Rows with no name and no email are skipped.

Steps

  1. Open Customers

    Select Customers in the top navigation bar.

  2. Open the import dialog

    Select the Import button at the top-left of the list.

  3. Pick your file

    Select Select File and choose your .csv, .xlsx, .xls, or .txt file.

  4. Run the import

    Select the blue Import button at the bottom-right of the dialog. The page reloads when the import finishes.

  5. Read the result

    The green flash banner at the top shows "Import complete: N created, M updated." That's your created / updated count.

What happens next

  • Created customers appear in the Customers list immediately.
  • Updated customers had their email, phone, address, city, country, postcode, and type overwritten with the values from your file. Their existing units, quotations, and work orders are untouched.
  • Skipped rows (no name, no email) don't generate an error — they're silently dropped from the count.

Common situations

SituationWhat to do
You're migrating from QuickBooksExport the customer list as CSV. Make sure the columns are named name, company_name, customer_type, email, phone, street_address, city, country, zip. Run the import.
Your CSV has the company in the name column for some rows and a real person in othersThe importer handles this. It looks for company-indicator words (e.g. LLC, Inc, Restaurant) and routes the row accordingly.
You want to dry-run before committingImport a small file (5–10 rows) first. Confirm the result in the list. Then re-run with the full file. The duplicate match (first + last + company) means the small batch will be detected as updates and won't create dupes.
The file has government customersImport them as commercial (no government auto-detect). Then open each in the UI and switch Type to Government.
You have a column the importer doesn't recognize (e.g. notes, account_number)The importer ignores unknown columns silently. Add the data manually in the UI after import, or open a feature request.

Troubleshooting

The Import button isn't there.

You're missing the customers.create permission, or the customer integration is enabled. The import button respects the same gates as the New button.

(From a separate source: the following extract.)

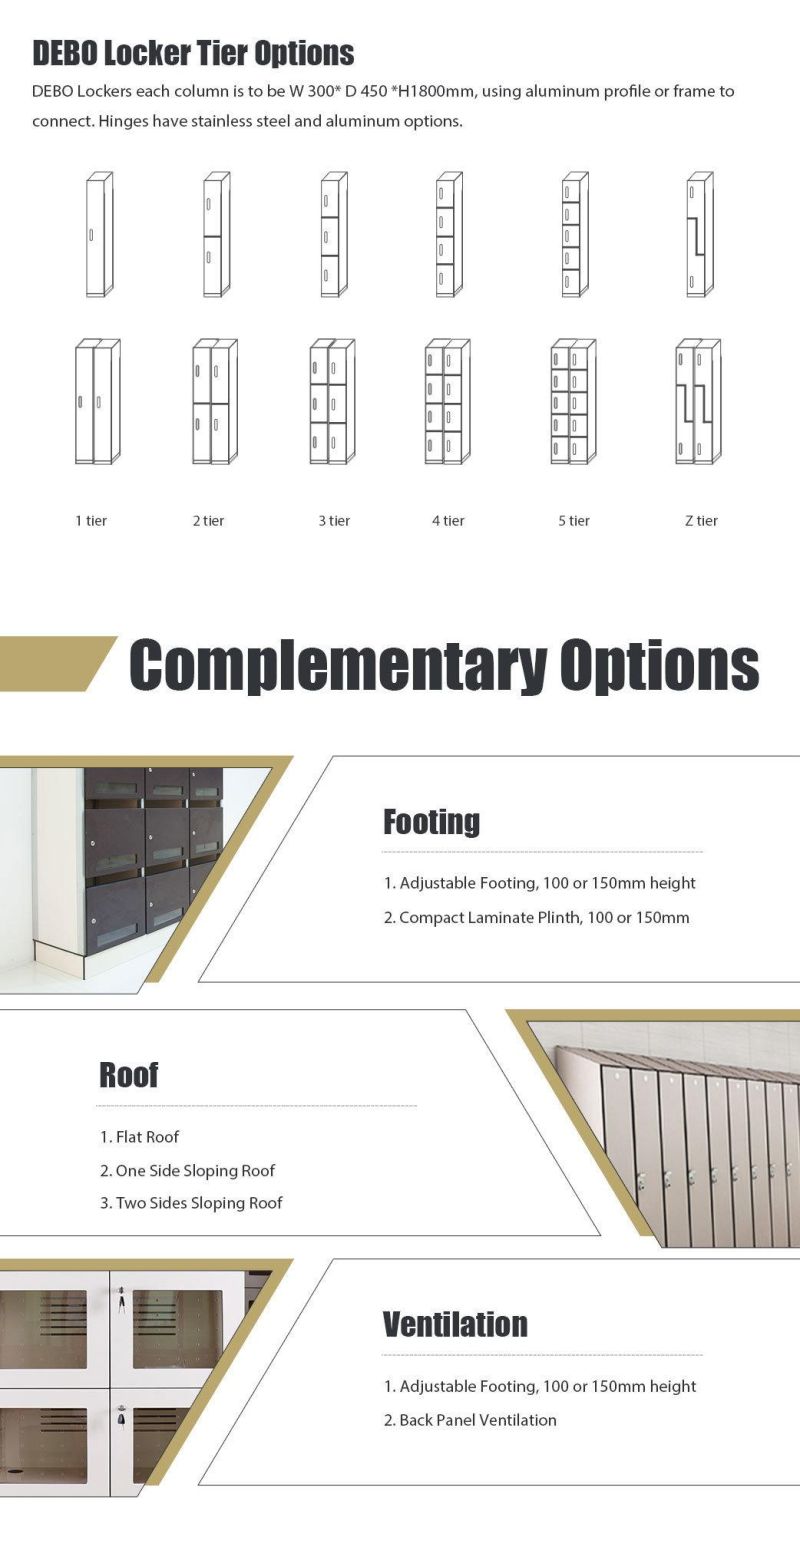 Modern Design 12mm HPL Compact Laminate Single Door Lockers Cabinet for Sport Center

The import says 0 created, 0 updated.

Your file probably has the wrong column names. The importer is keyed off header names — name, company_name, email, etc. Open the file and check the header row matches the table above (case doesn't matter). Save and re-import.

The import says some were updated when you expected new customers.

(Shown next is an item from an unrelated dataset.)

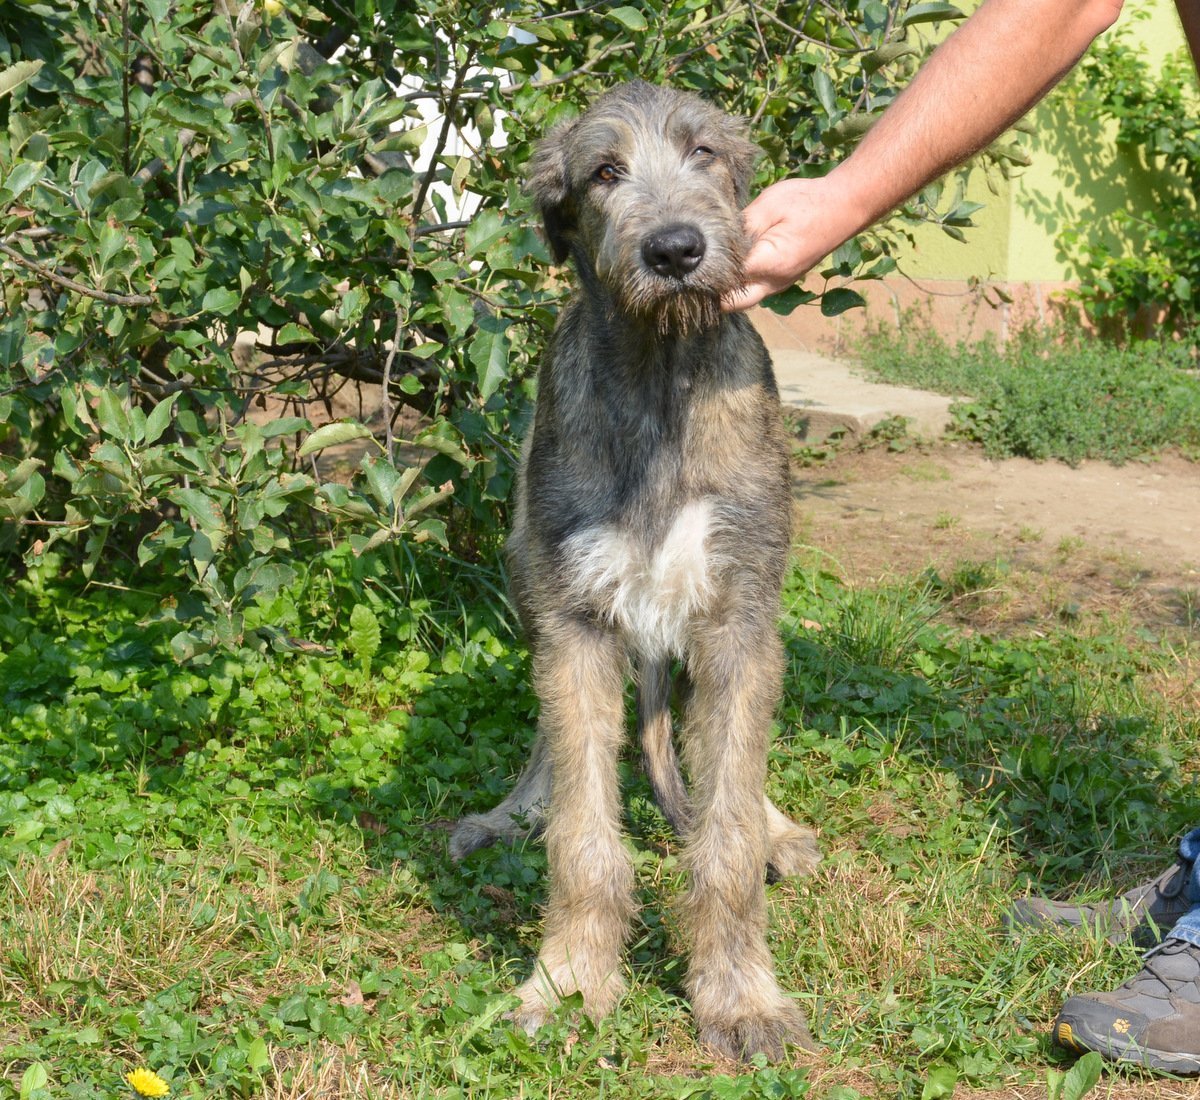 irish wolfhound puppies for sale

A row was matched on first name + last name + company name to an existing customer. If the source file has the same name as an existing customer for a different person (e.g. two "John Smith" without companies), they'll collide. Add a distinguishing Company Name in the source file, or merge in the UI after.

The import fails with "The file failed to upload" or a 413 error.

The file is over 10 MB. Split it into smaller files (e.g. 5,000 rows each) and import them in batches. The upsert match key prevents duplicates across batches.

Some emails dropped after import.

The importer validates each email and silently discards anything that doesn't pass. Common culprits: trailing punctuation, missing @, double-encoded &. Open the dropped customers and fix the emails by hand.